PROMPT:
Without its pictures, the listing below is to be transcribed exactly.

SOURCE DATA:
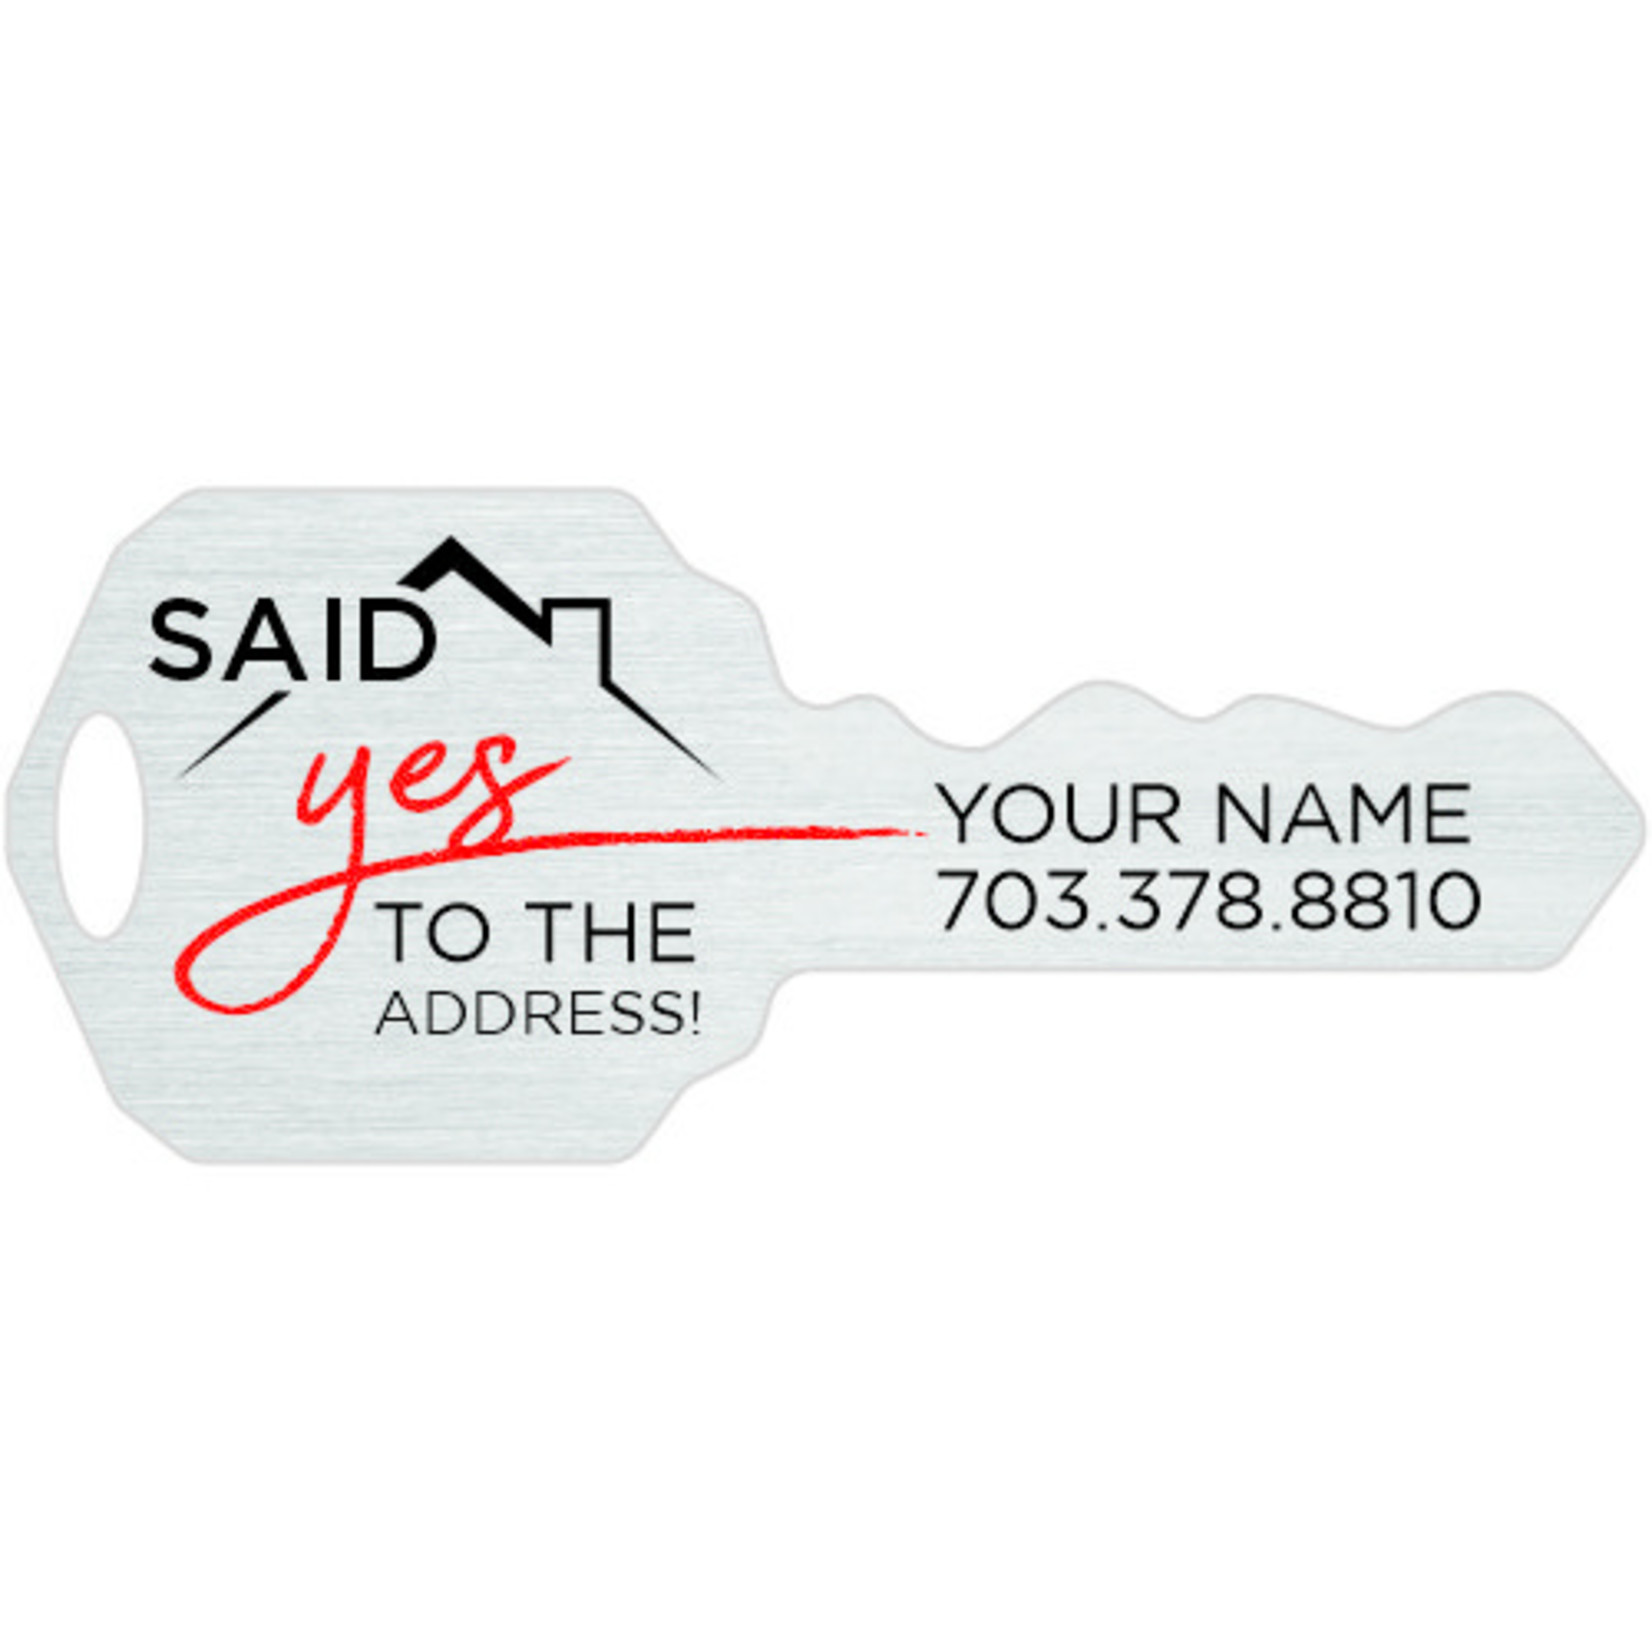 Said Yes to the Address - PVC Key
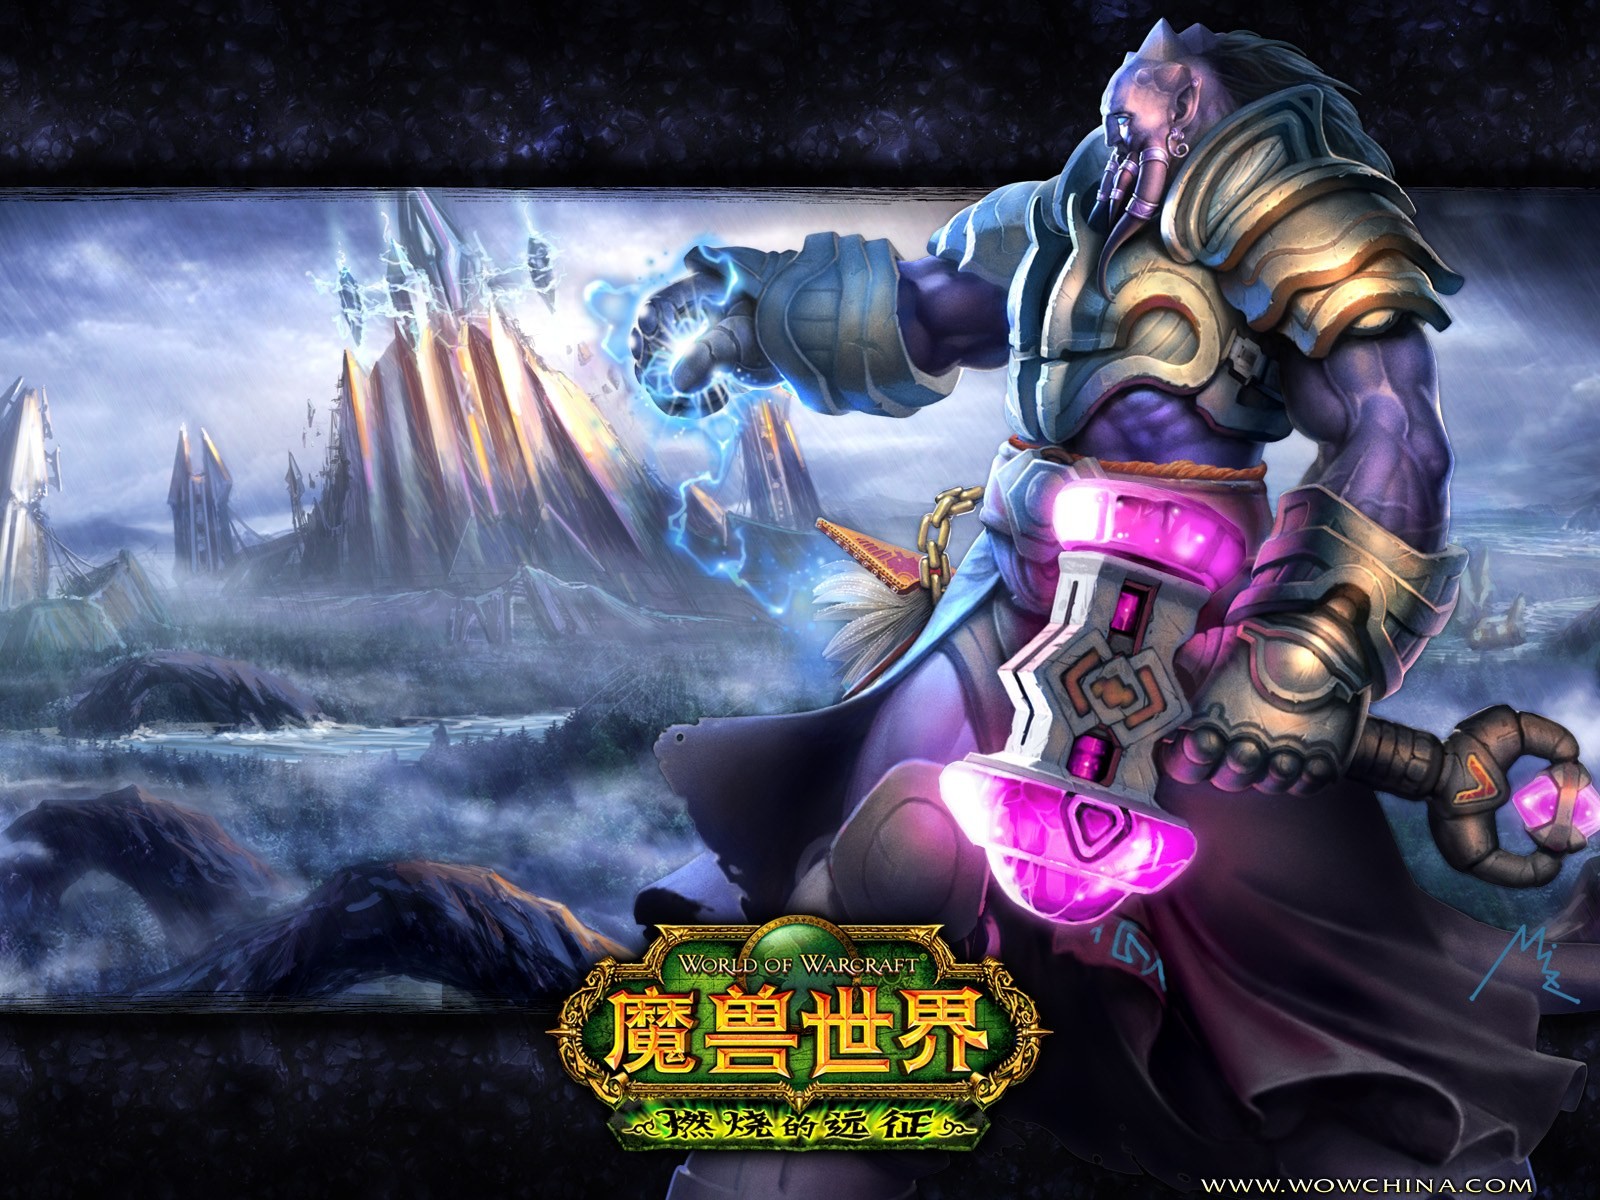 World of Warcraft: fondo de pantalla oficial de The Burning Crusade (1) #17 - 1600x1200
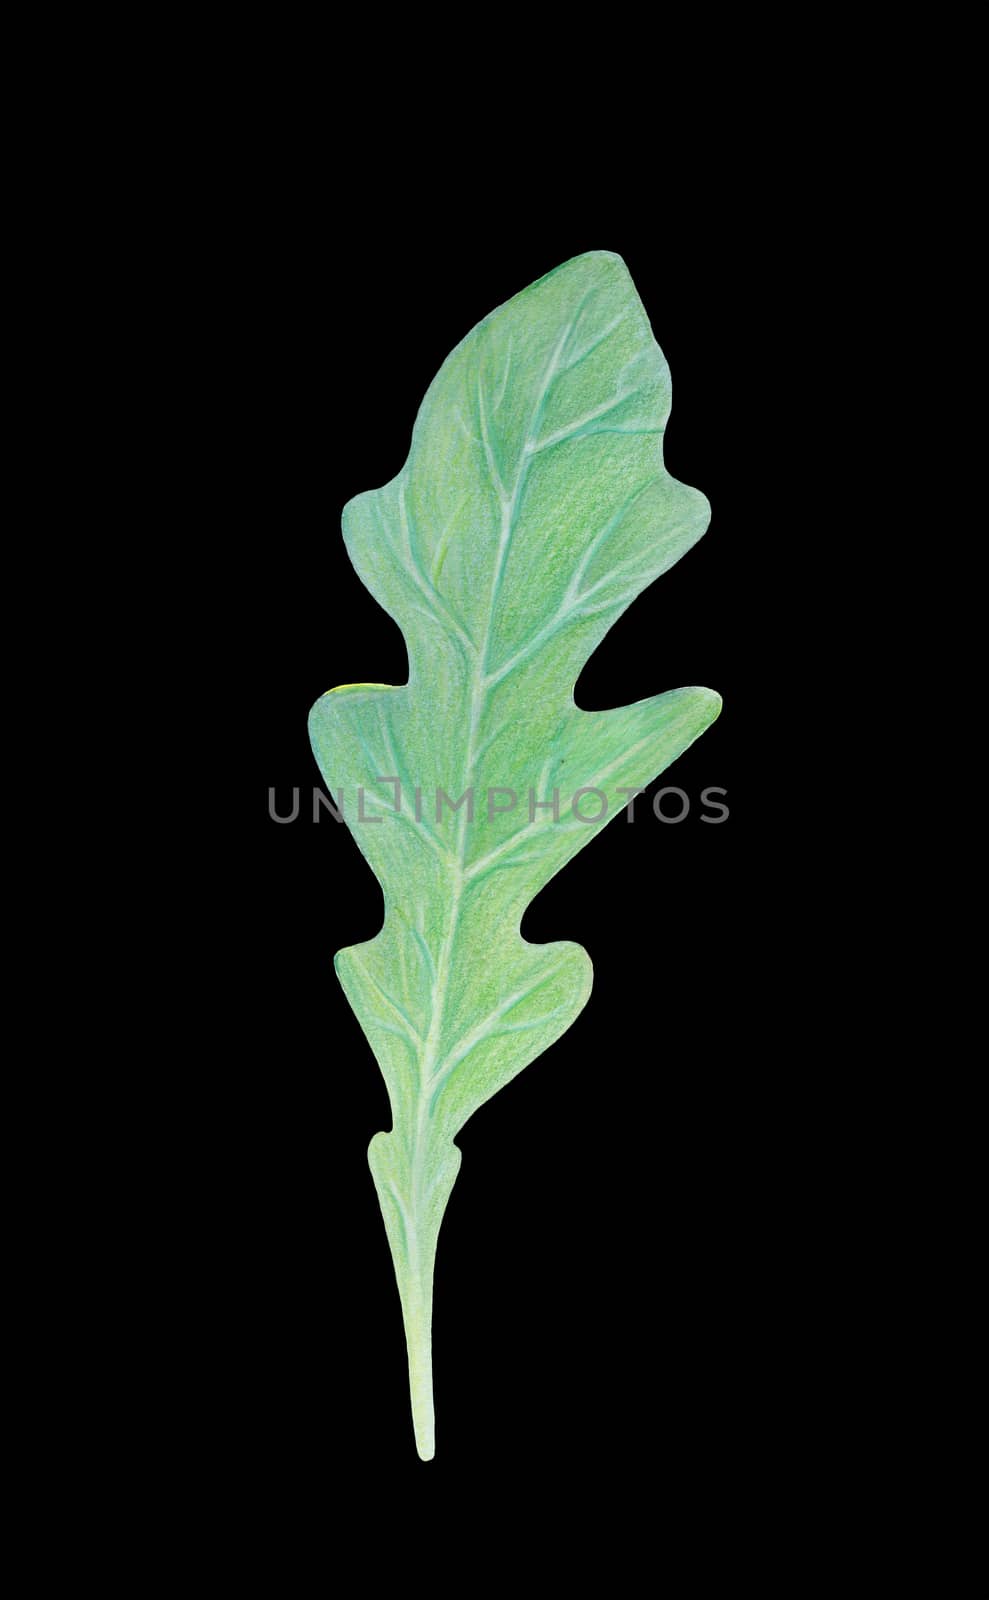 Arugula rucola, rocket salad fresh green leaf isolated on black background. Watercolor hand drawn illustration. Fresh herbs. Vegetarian Ingredient.For logo, packaging, print, organic food,market store by sshisshka
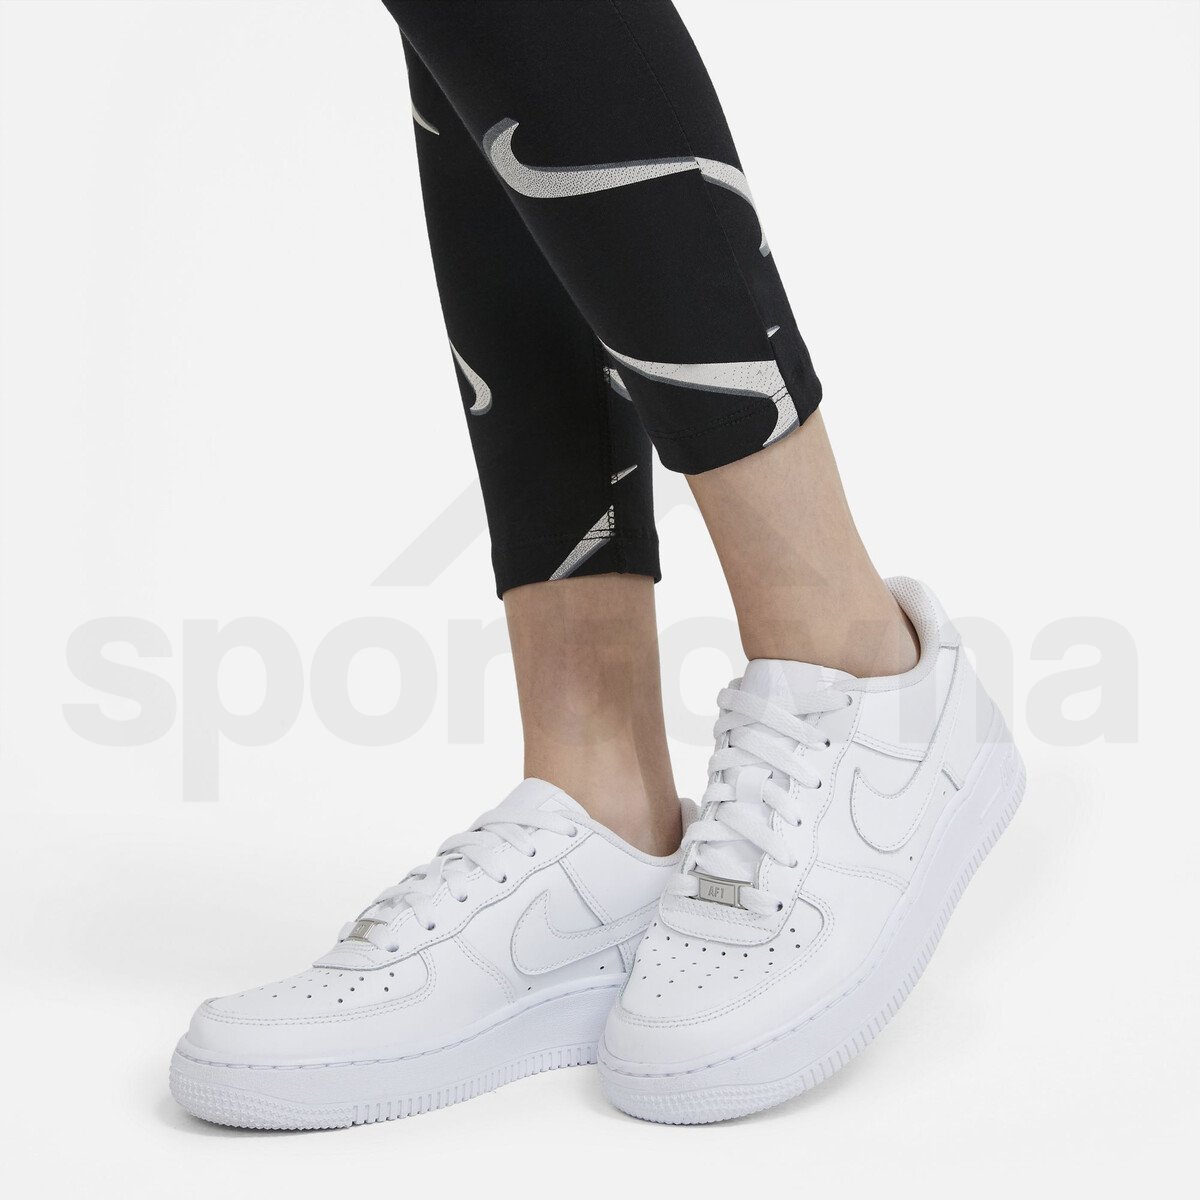 Legíny Nike Sportswear Favorites J - černá/bílá

EXPECTED OUTPUT:
 Said Yes to the Address - PVC Key
 World of Warcraft: fondo de pantalla oficial de The Burning Crusade (1) #17 - 1600x1200
 Arugula rucola, rocket salad fresh green leaf isolated on black background. Watercolor hand drawn illustration. Fresh herbs. Vegetarian Ingredient.For logo, packaging, print, organic food,market store by sshisshka
 Legíny Nike Sportswear Favorites J - černá/bílá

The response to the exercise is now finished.